What Americans want

by on April 28, 2012 at 6:24 am in Economics | Permalink

Ask Americans if they are willing to spend more to buy American-made products, and nearly half say they are often willing to do this. But in the latest Economist/YouGov Poll, the country where a product is made trails price, quality, and even convenience, as an important factor in consumer decision-making. The public gives even less importance to a product’s brand, its impact on the environment, or the political leanings of the company that produces it.

Here is more, and for the pointer I thank Bruce Bartlett.  Once again, here is Bruce’s new book on taxation.

Bill April 28, 2012 at 9:27 am

Re: “The public gives even less importance to a product’s brand, its impact on the environment, or the political leanings of the company that produces it.”

You have to be careful here about intangibles affecting purchases.

At the margin, all lost sales are important in competitive industries.

I know of some market research work being done on the effect on sales by companies that contributed to political candidates in elections two years ago, following Citizens United. This is ongoing research, but some of the effects are interesting:

1. Persistence of effect is high. People don’t forget, and in some cases, remembering isn’t as important as changing buying habits which are then difficult to change.

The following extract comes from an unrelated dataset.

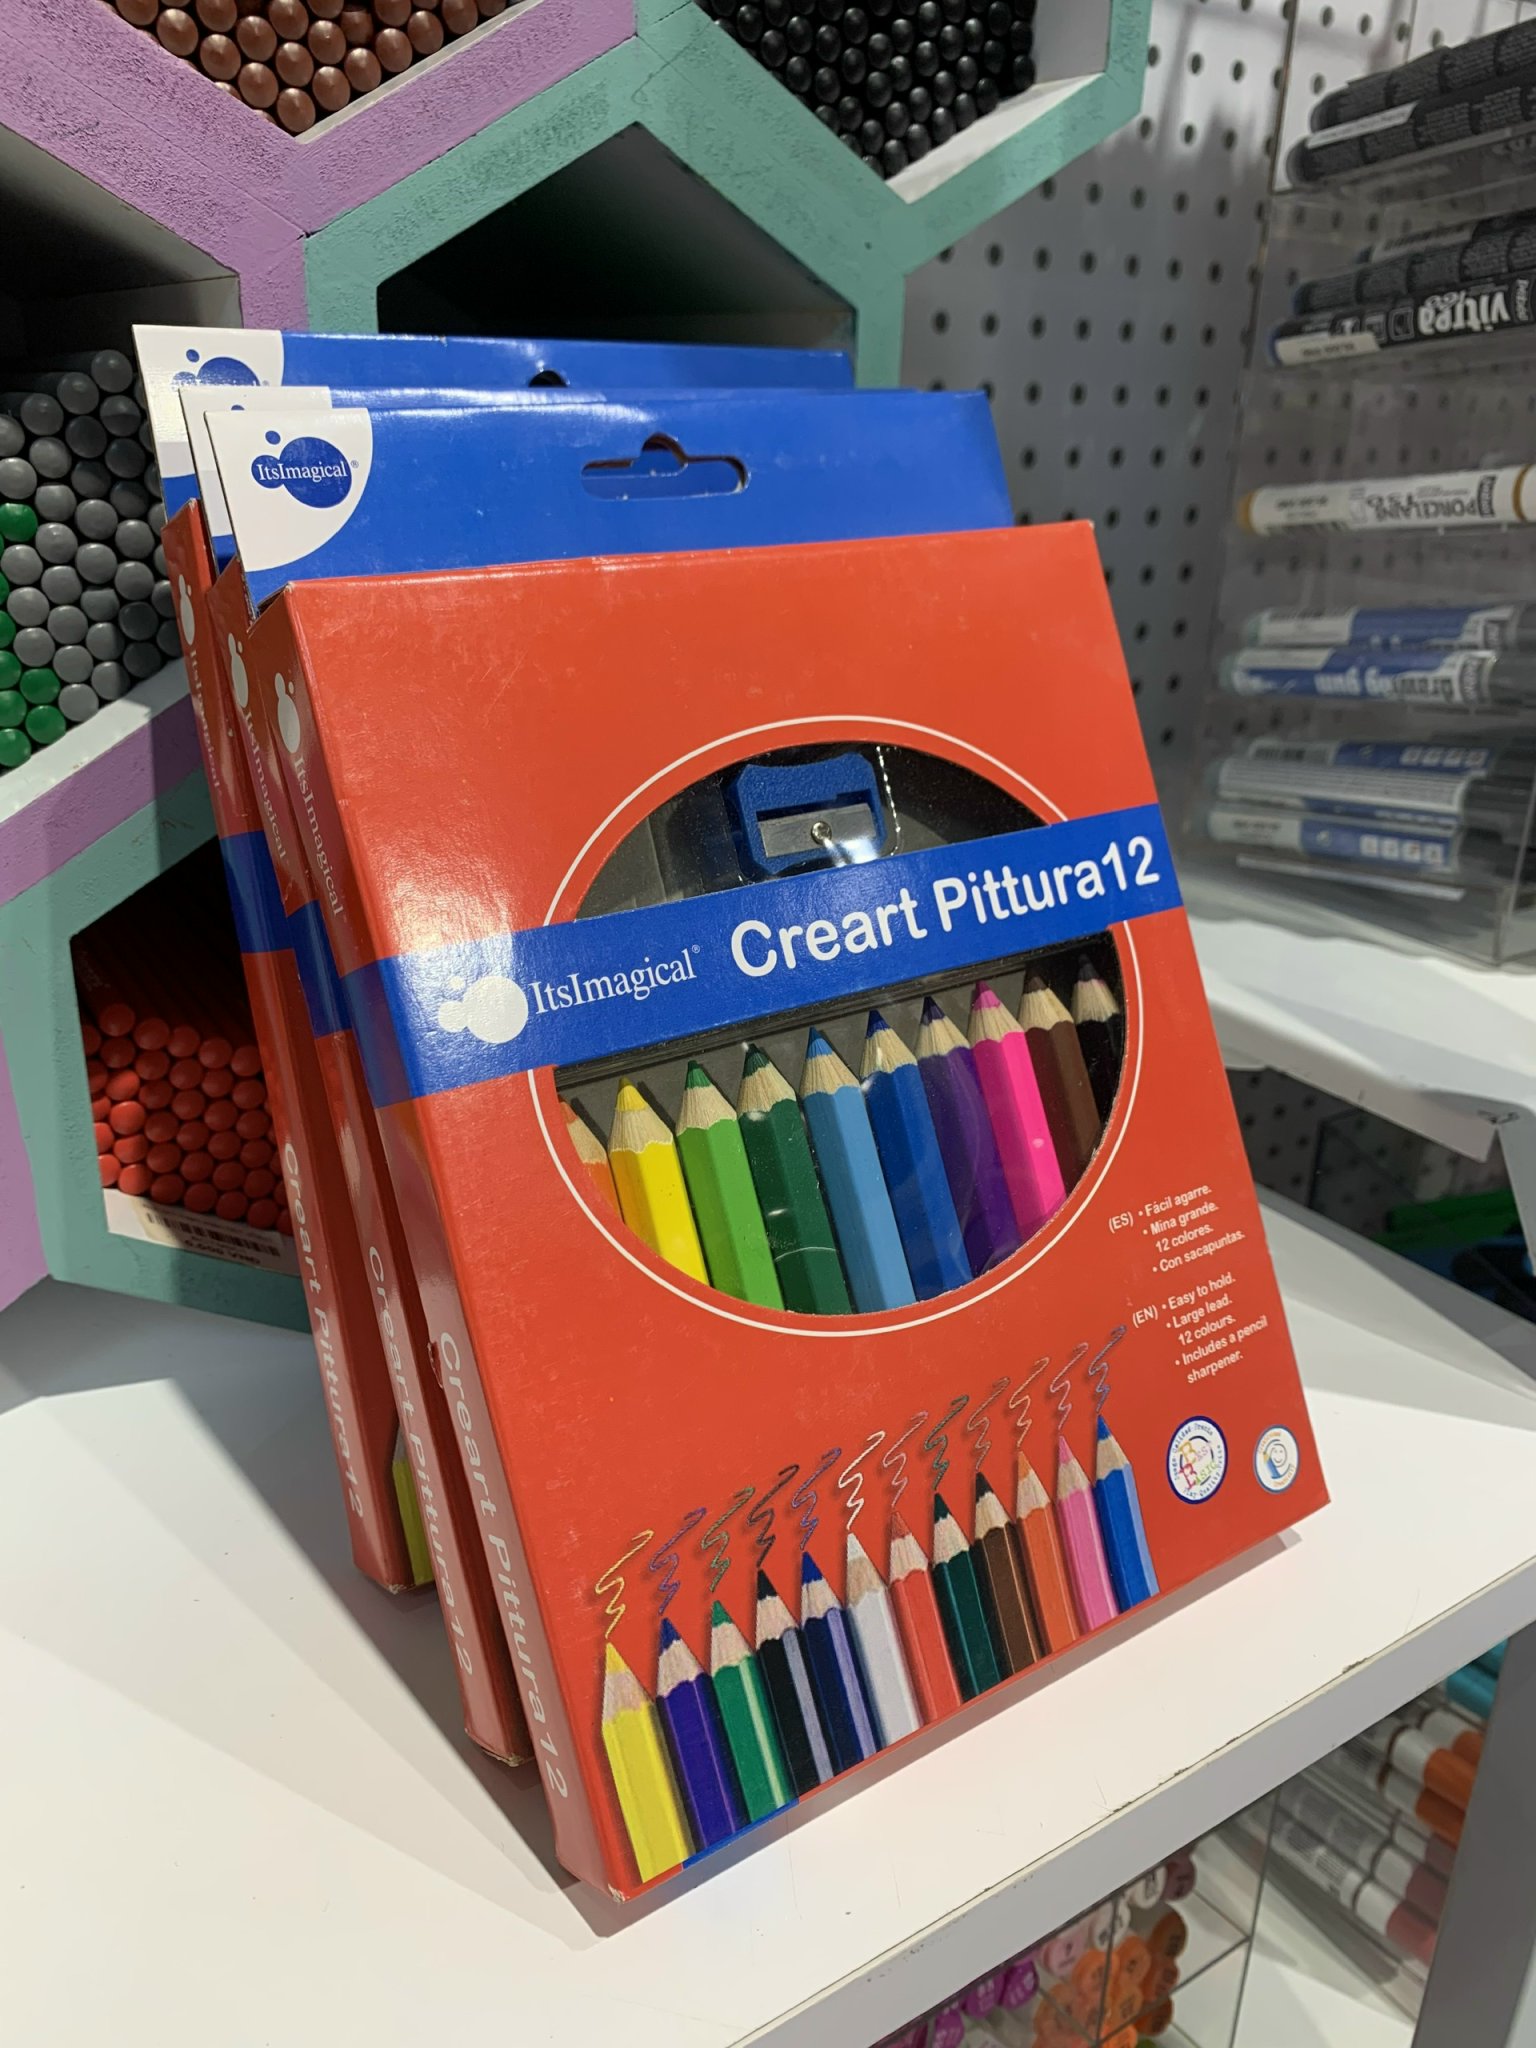 Hộp Chì Màu Creart Pittura, bút chì màu cho bé - HCMCP12

2. Purchasing is social, particularly when you purchase for others, such as buying someone a gift or purchasing a gift card for someone else. At that point, you are expressing your identity. Case in point: one retailer through a PAC and through the actions of its CEO very publicly supported a political candidate. The retailer’s gift card business took a hit during the election season which preceded the Christmas gift season.

Some of the affected companies do not want to have discussed publicly what happened, but I think the next election cycle will give you some evidence of how companies will readjust based on the lessons they learned.

Bill April 28, 2012 at 10:07 am

By the way, I just looked at the link, and I would say two things\\

The effect is pretty high, and higher than what the post summary claims: For example, in response to the question: How often do you avoid buying certain products because of the political leanings of the company: 4% said Always, 9% said Often, and 28% said Sometimes. Now, this is what people say, and there is no measure of what in fact they do, but this is not insignificant!

You’d spend money in an advertising campaign to move the needle by 1%.

Greg G April 28, 2012 at 10:02 am

I used to own a store that offered the largest selection of American made work boots in our market. Many consumers told us that it was very important to them that their boots be American made. Only a few of them were actually willing to pay the difference.

Reminds me of when my son was four years old. His grandmother decided he wasn’t eating enough. She resolved to feed him a proper meal. She asked him if he liked pork chops. He assured her he did. She made a beautiful meal of pork chops. He refused to even take a bite. She demanded an explanation. His response: “I said I like them. I didn’t say I would eat them.”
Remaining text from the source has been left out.